Turning now to FIG. 6a, wherein there is shown one example of the wire drawing die 3, the upper side of die 3 as viewed in the FIGURE corresponding to the forward portion of the die, that is, the wire entrance side, while the lower portion thereof corresponds to the rear or downstream portion of the die, that is, the wire exit side, with a relief portion 3' being formed within the rear portion of the die. FIG. 7a shows the guide fixture 5 which is disposed rearwardly of the rear portion of the die as seen in FIG. 9 and is adapted to guide the cooling liquid toward the steel wire 1 which has emerged from the exit aperture of the die. The cross-sectional configuration of fixture 5 may be different from those shown either in FIGS. 7a or 7b, except for the axial throughhole 5' thereof, and within the examples illustrated in FIG. 7, the fixture has radially extending ridges 5" upon the forward face thereof whereby the cooling liquid may readily be directed toward and encompass the outer surface of steel wire 1.
Referring now to FIG. 8, there is shown a die assembly which includes a die holder 2 which is provided with cooling medium passage 4, a die 3 disposed within holder 2, a guide fixture 5, facing the rear portion of the die, similar to those fixtures shown within FIG. 7, and a water tight O-ring 10 confined between die holder 2 and the guide fixture 5. Another fixture 15 is located adjacent the forward side of die 3 and is adapted to hold the same while preventing the cooling liquid from flowing out of the forward portion of the die, additional water tight O-rings 10 being interposed between fixture 15 and the forward portion of die 3.
As a result of the foregoing structure, there is provided a passage for the cooling medium which, according to the present invention, comprises two spaces or chambers, one 16 of which is bounded by the outer peripheral portion a of die 3 and the interior face of die holder 2, and another 6 of which communicates with the first chamber 16 and is similarly bounded by the rear portion b of die 3, including the relief portion 3' so as to encompass the length of the steel wire 1 extending from the exit of die hole 3" to the wire exit hole 7 within holder 2, and the forward face of fixture 5. The cooling liquid fed through inlet 4 defined within the upper portion of die holder 2 therefore serves to cool the outer peripheral portion a and the rear portion b of the die, as well as the length of the drawn wire extending to the exit portion of the die holder 2. Furthermore, cooling liquid can be fed by means of a guide fixture as shown in FIG. 7b, instead of the fixture 15, so as to effect cooling of the front face of die 3.
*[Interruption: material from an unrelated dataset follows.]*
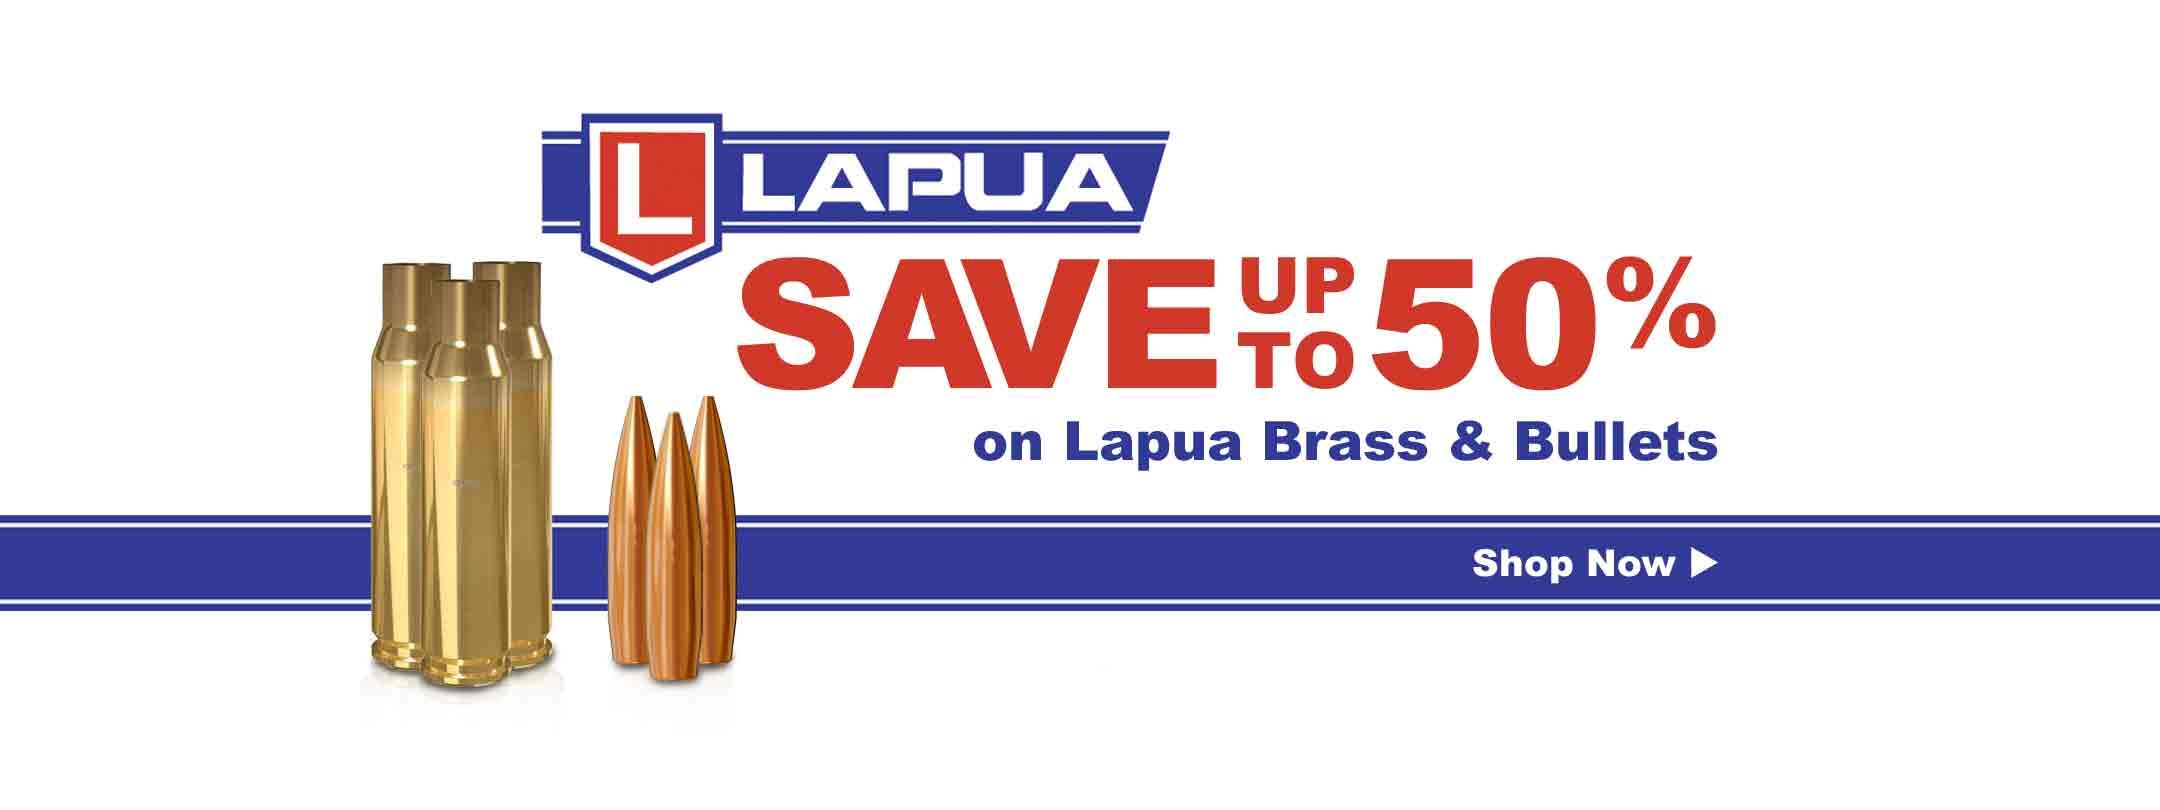 Lapua Brass & Bullets

The drawing and cooling steps of the forming process will be described more in detail with particular reference still being made to FIG. 8. A wire 1 is drawn from the left toward the right as viewed in FIG. 8, with a die holder 2 mounted within a die box within a known drawing machine, not shown. During this time, the cooling liquid which is being fed through the inlet 4 cools the outer peripheral surface (a) and the rear portion of the die 3 including the relief portion 3' thereof as well as the length of the wire extending from the die exit to the exit portion of die holder 2 whereby the cooling liquid is then discharged from the exit hole 7 within die holder 2.
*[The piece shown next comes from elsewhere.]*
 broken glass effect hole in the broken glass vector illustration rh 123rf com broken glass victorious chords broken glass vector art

In conjunction with the above, there may be defined another space or chamber between the guide fixture 5 and the inner surface of die holder 2 upon the exit side thereof for the purpose of providing an additional flow passage for the cooling liquid and for increasing the flow rate of the cooling liquid, or alternatively, the back pressure of the cooling liquid may be increased in order to in effect attain the above purposes. The cooling liquid may be emitted from the assembly at a position immediately rearwardly or downstream of the exit hole 7 within die holder 2, however, as shown in FIG. 9, the cooling effect may be further enhanced when a considerable length of the steel wire 1 downstream of die holder 2 is cooled with cooling liquid.
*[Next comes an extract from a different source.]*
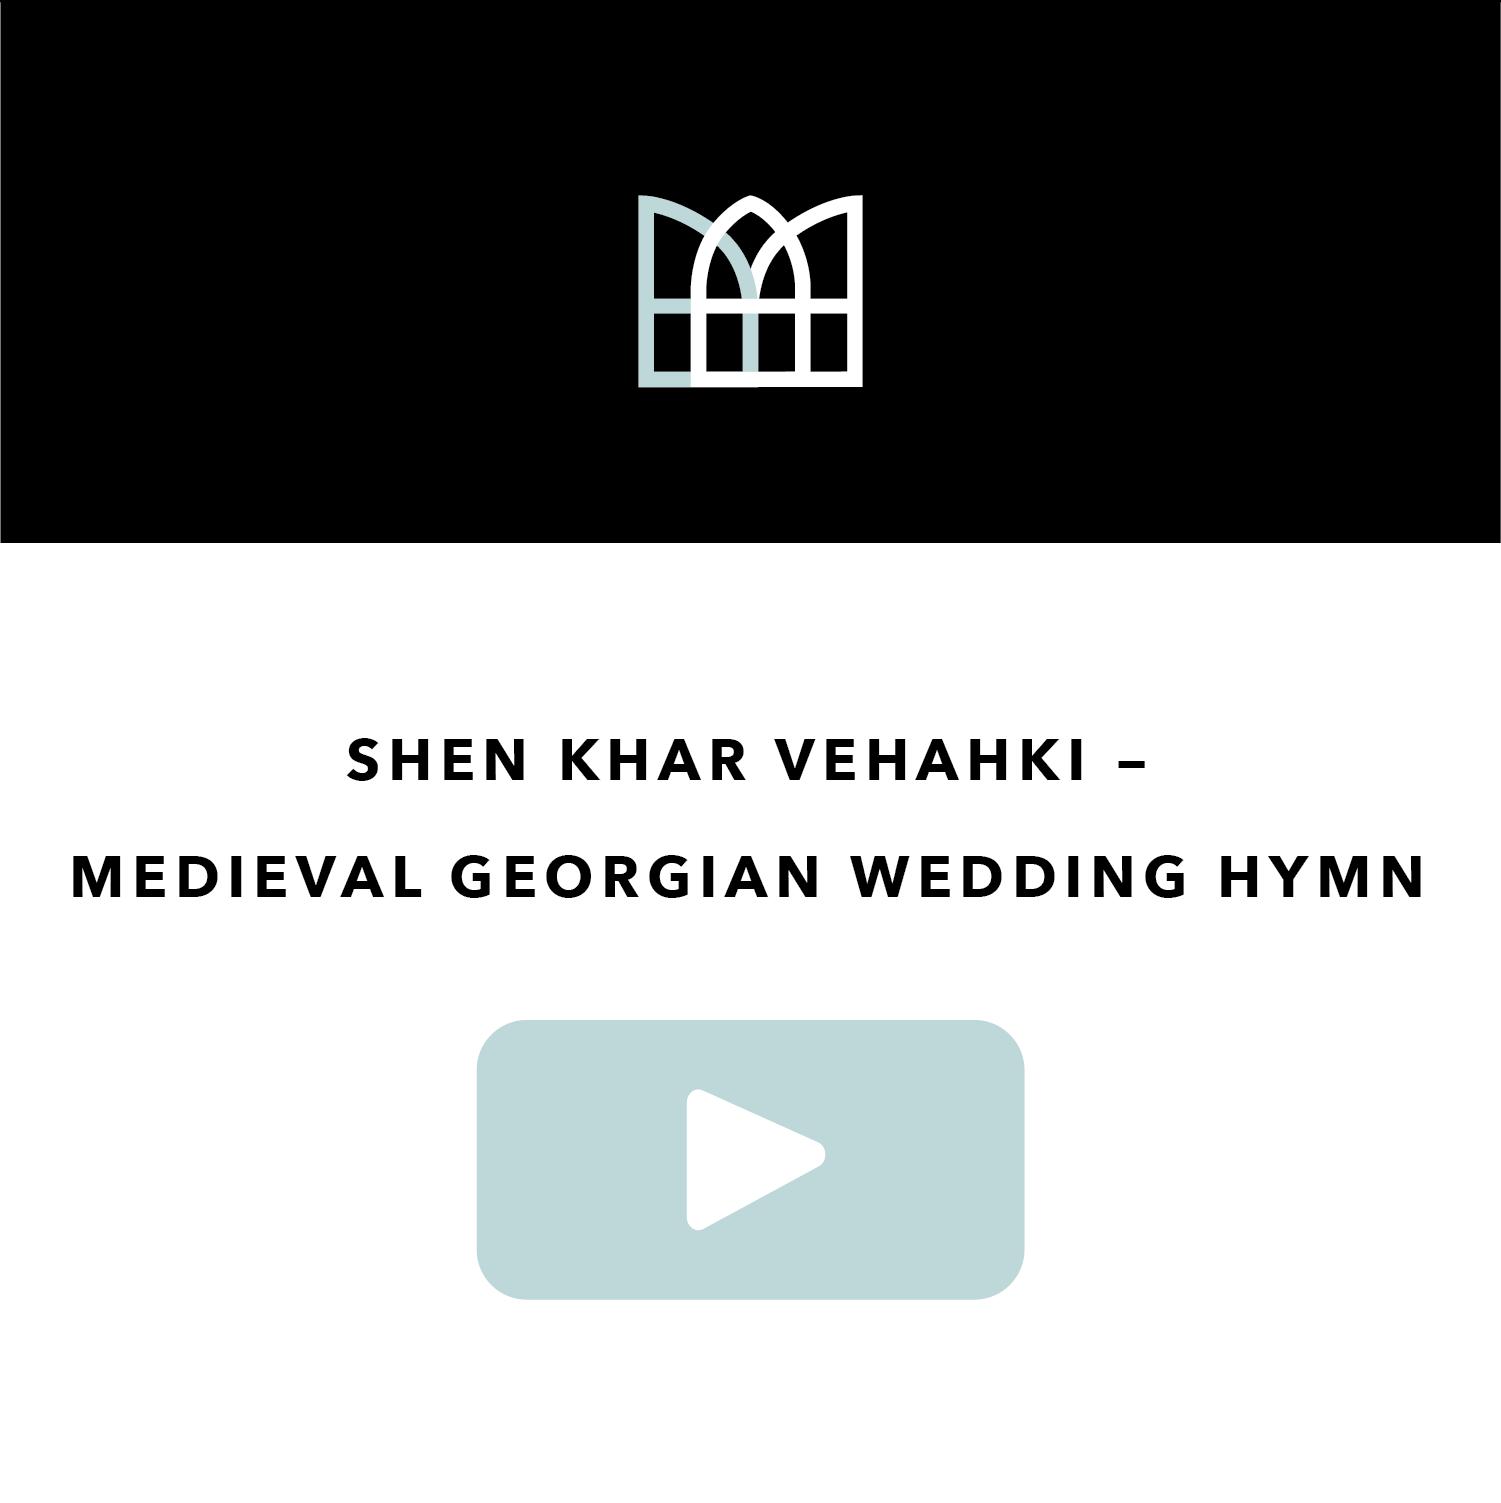 Shen Khar Vehahki - Medieval Georgian Wedding Hymn

More particularly, there is provided an axially extending attaching portion 8 which encompasses the exit hole 7 within die holder 2 and an attachment block 12 is removably threaded into attaching portion 8. A pipe or conduit 9 having a diameter larger than that of the drawn steel wire is secured upon attachment 12 by means of suitable fastening members 14, pipe 9 being made of steel, aluminum, or copper, and thus providing as extended cooling-liquid passage of a given length which communicates with the cooling-liquid passage within die holder 2. In this respect, the liquid is emitted from the other end of pipe or conduit 9, and alternatively, the cooling liquid may be introduced directly into the pipe 9 from a separate source and then discharged in a manner similar to that noted above. In this instance, it is imperative that the cooling liquid within pipe 9 present a positive pressure relative to the atmospheric pressure when the same is introduced from a separate, external source. A cover 11 may also be provided upon the upstream end of die holder 2.
With respect to the particular cooling medium, water would be primarily used as the cooling liquid, and an evaporizable corrosion-preventive agent may be added to the water contained within a separate cooling water reservoir when in circulation so as to thereby prevent corrosion of the steel wires drawn as well as associated portions of the wire drawing machinery. Moreover, with respect to the particular die, as shown within FIG. 6b, there may be provided several additional radially extending cooling passages 13 extending between the outer peripheral portion a and the relief portion 3' of die 3, the number of such passages not adversely affecting the strength of the die.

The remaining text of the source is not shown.